About this exercise = A faithful copy of the listing below is needed, with its pictures left out.

Source material =
★ ★ ★
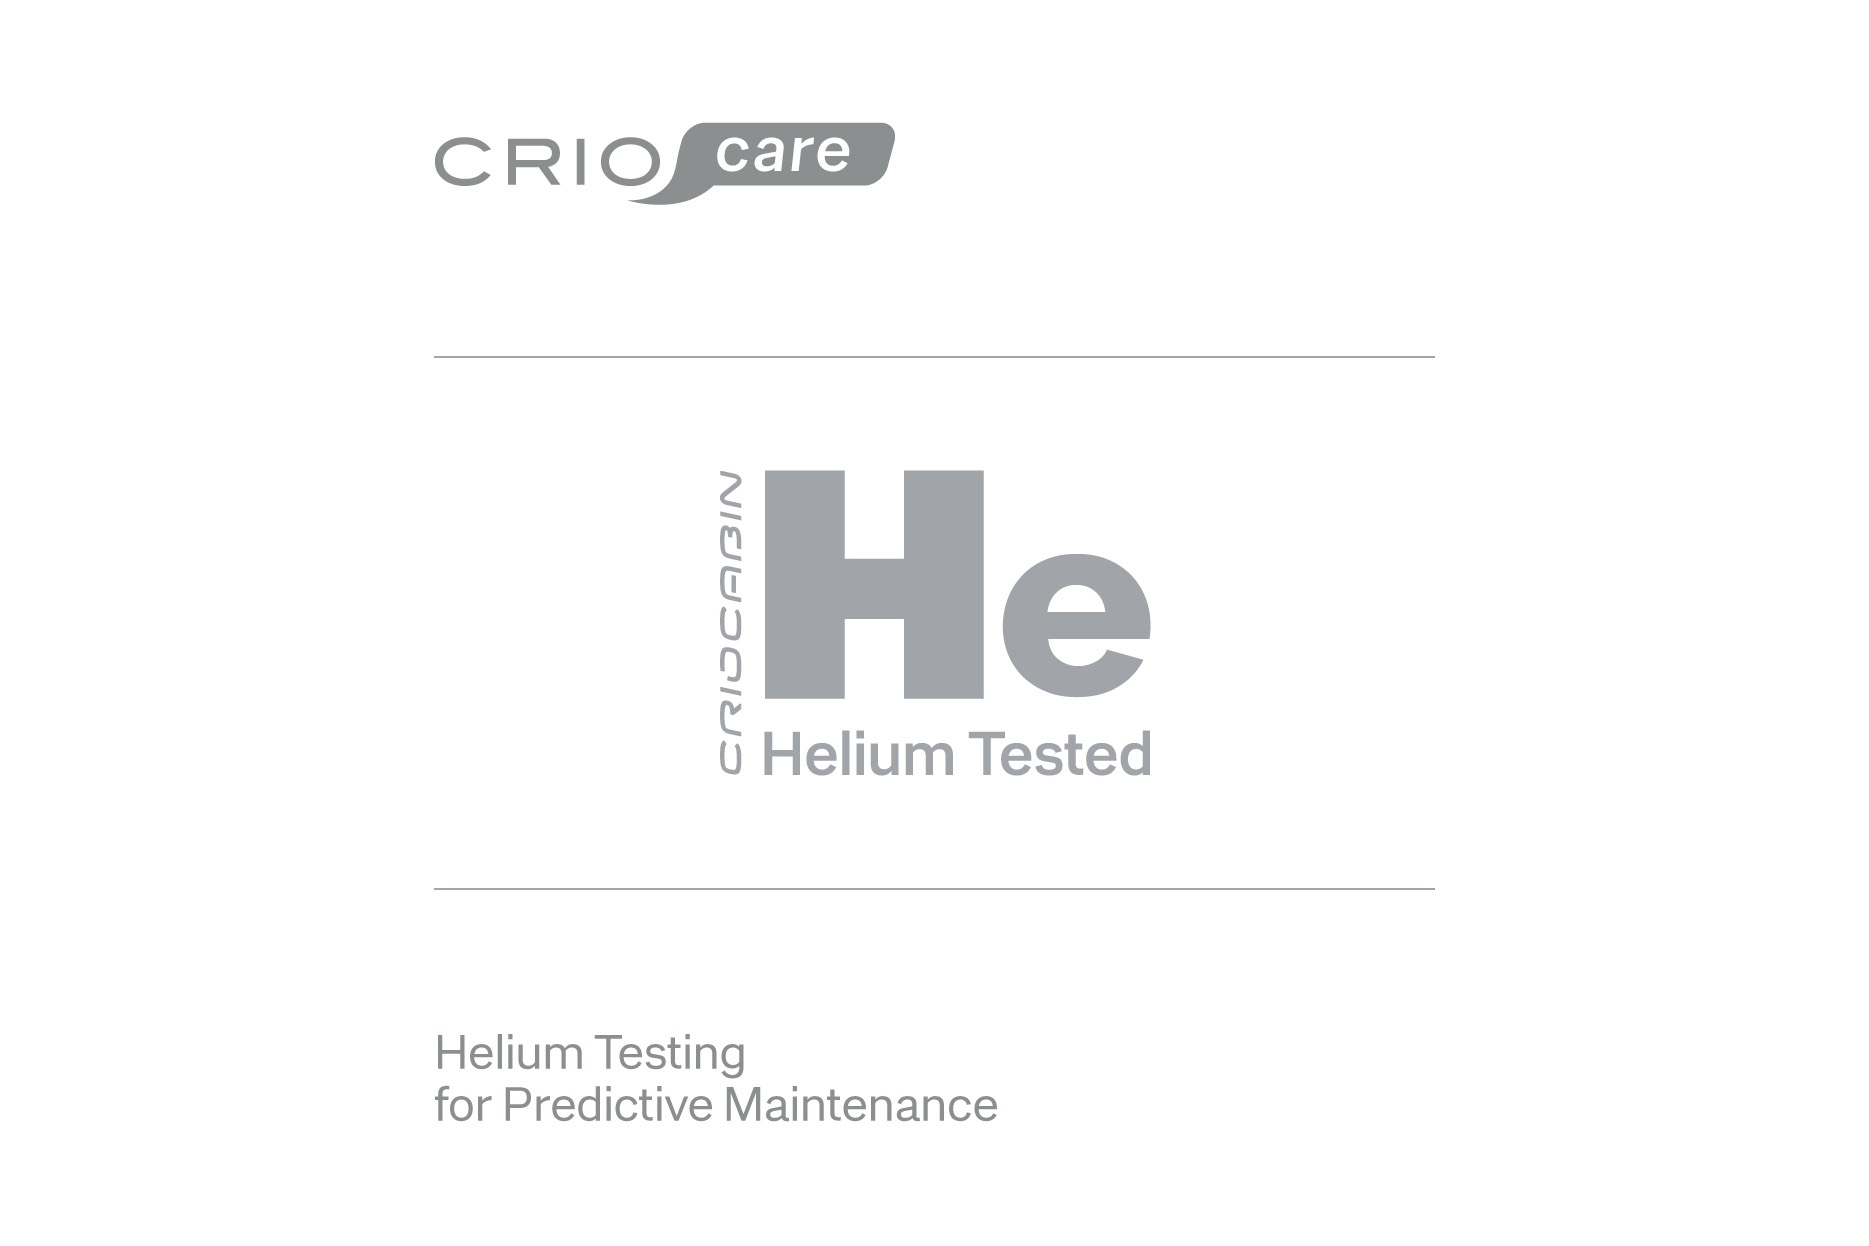 Criocabin Helium Test for Predictive Maintenance
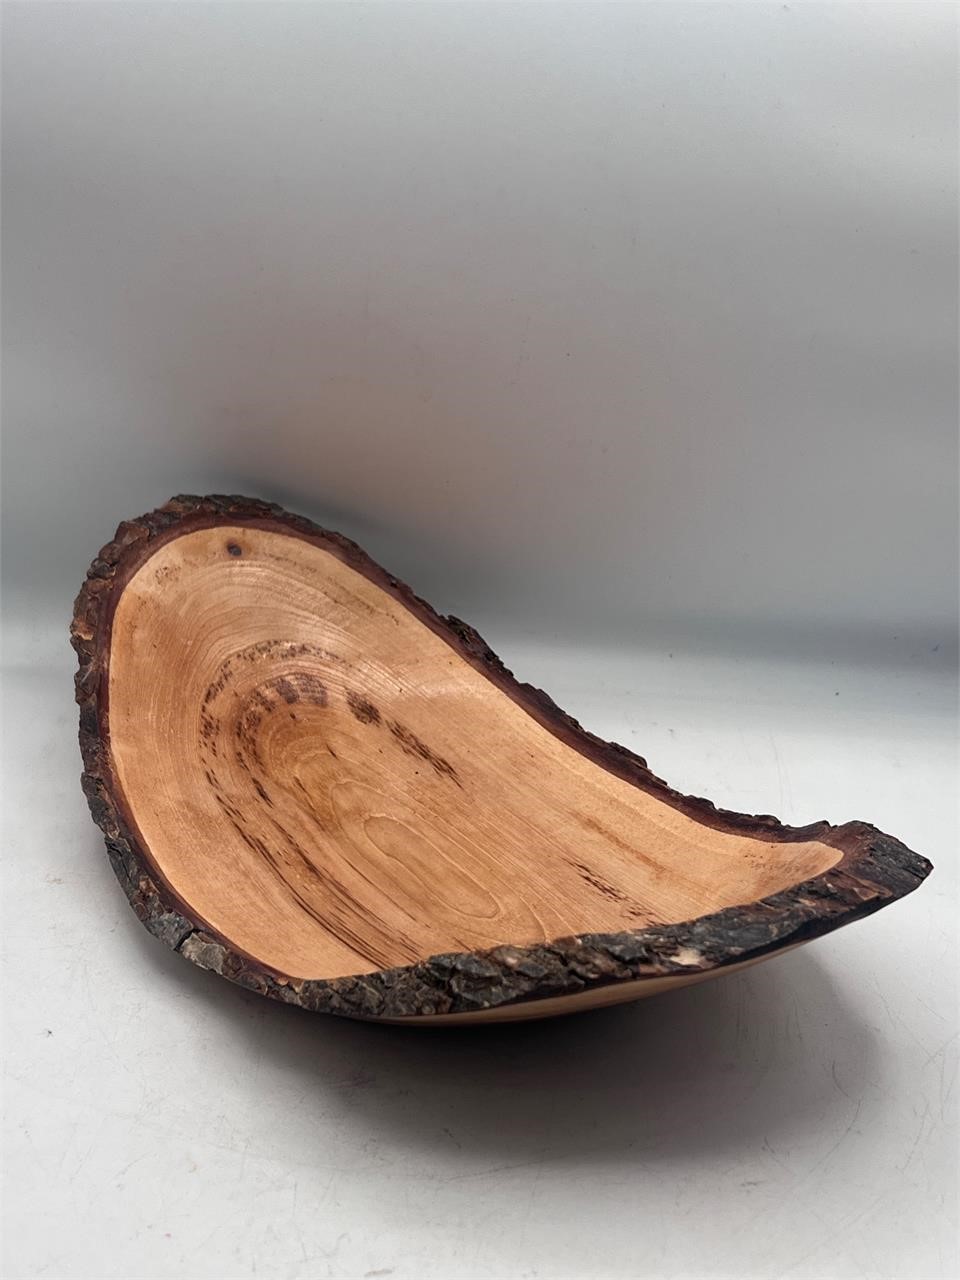 Dale overman pecan tree trinket bread bowl carved
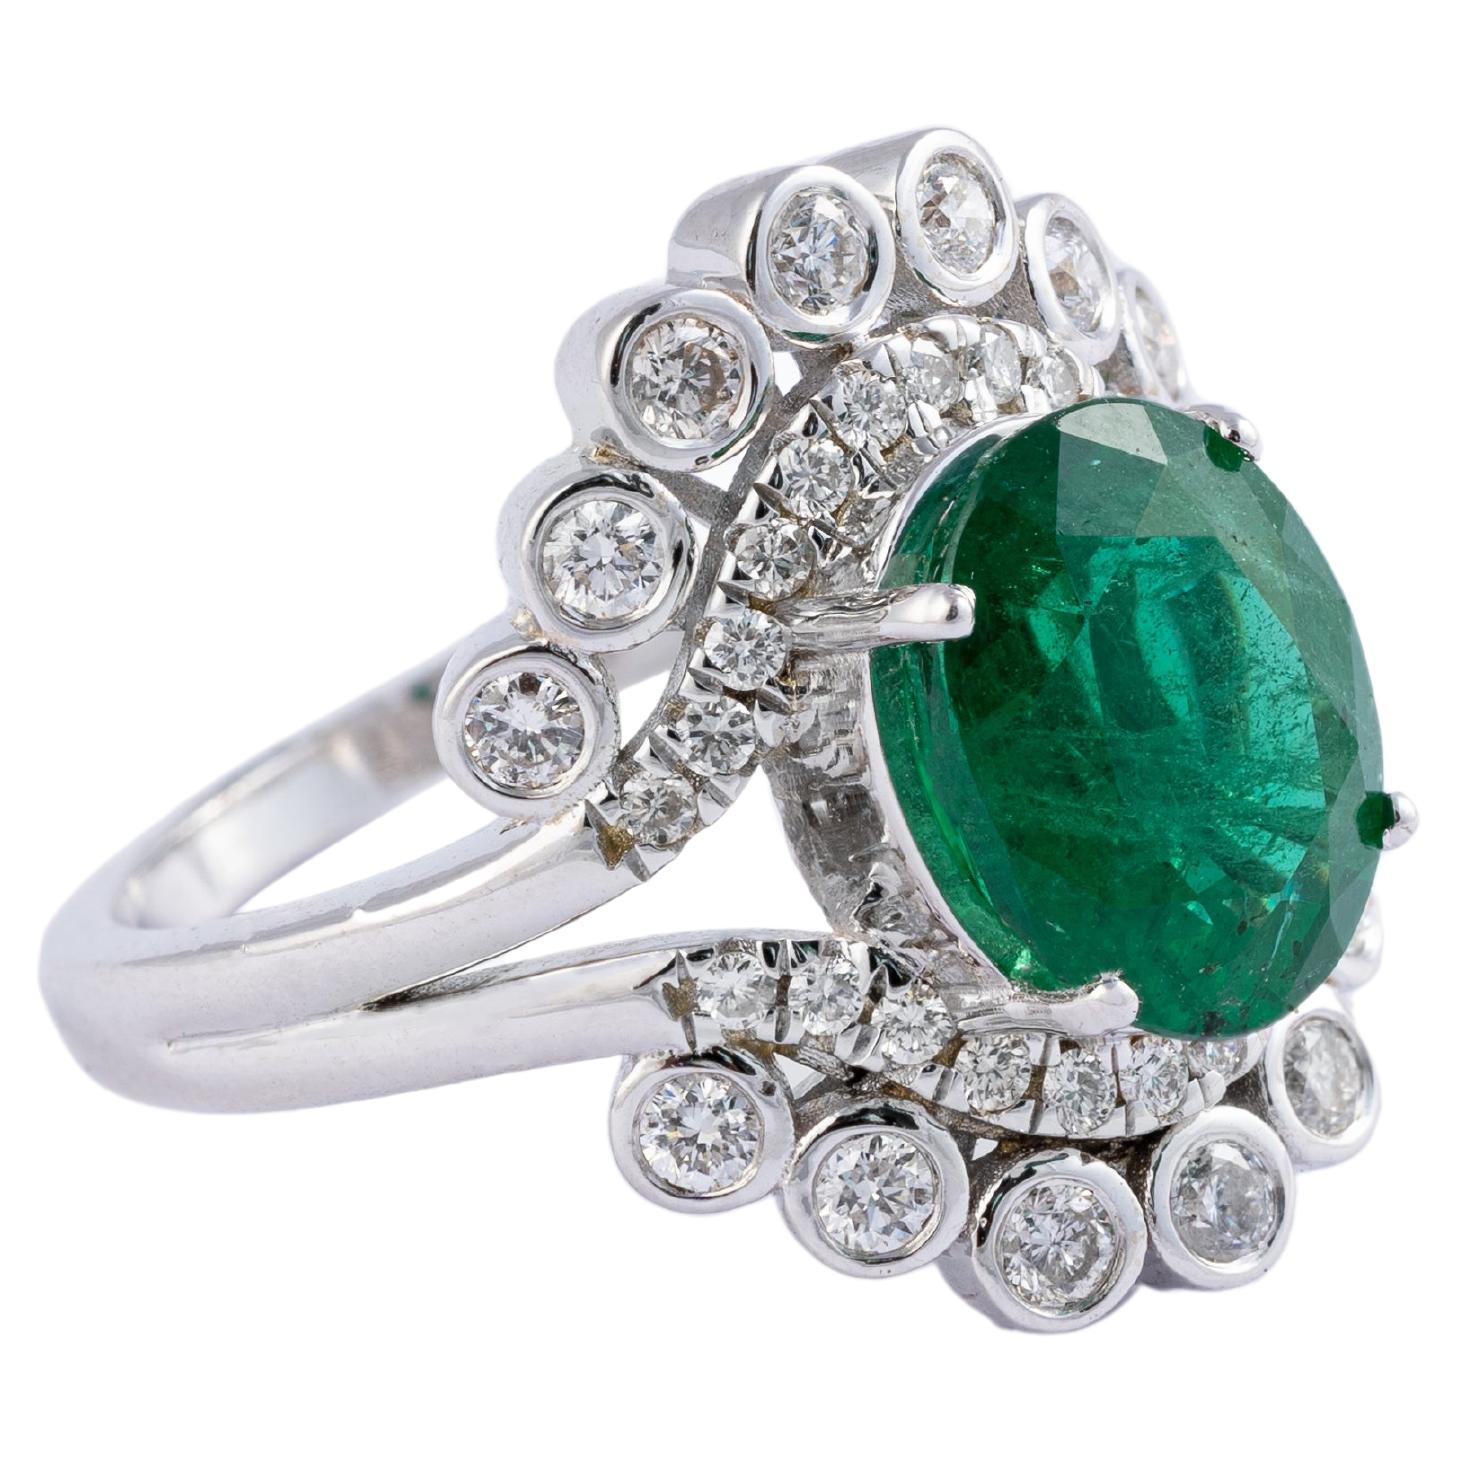 2.96 carats Natural Zambian Emerald Ring with Diamonds 0.65 carats  and 14k Gold
★ ★ ★
Answer to this exercise =
 Criocabin Helium Test for Predictive Maintenance
 Dale overman pecan tree trinket bread bowl carved
 2.96 carats Natural Zambian Emerald Ring with Diamonds 0.65 carats  and 14k Gold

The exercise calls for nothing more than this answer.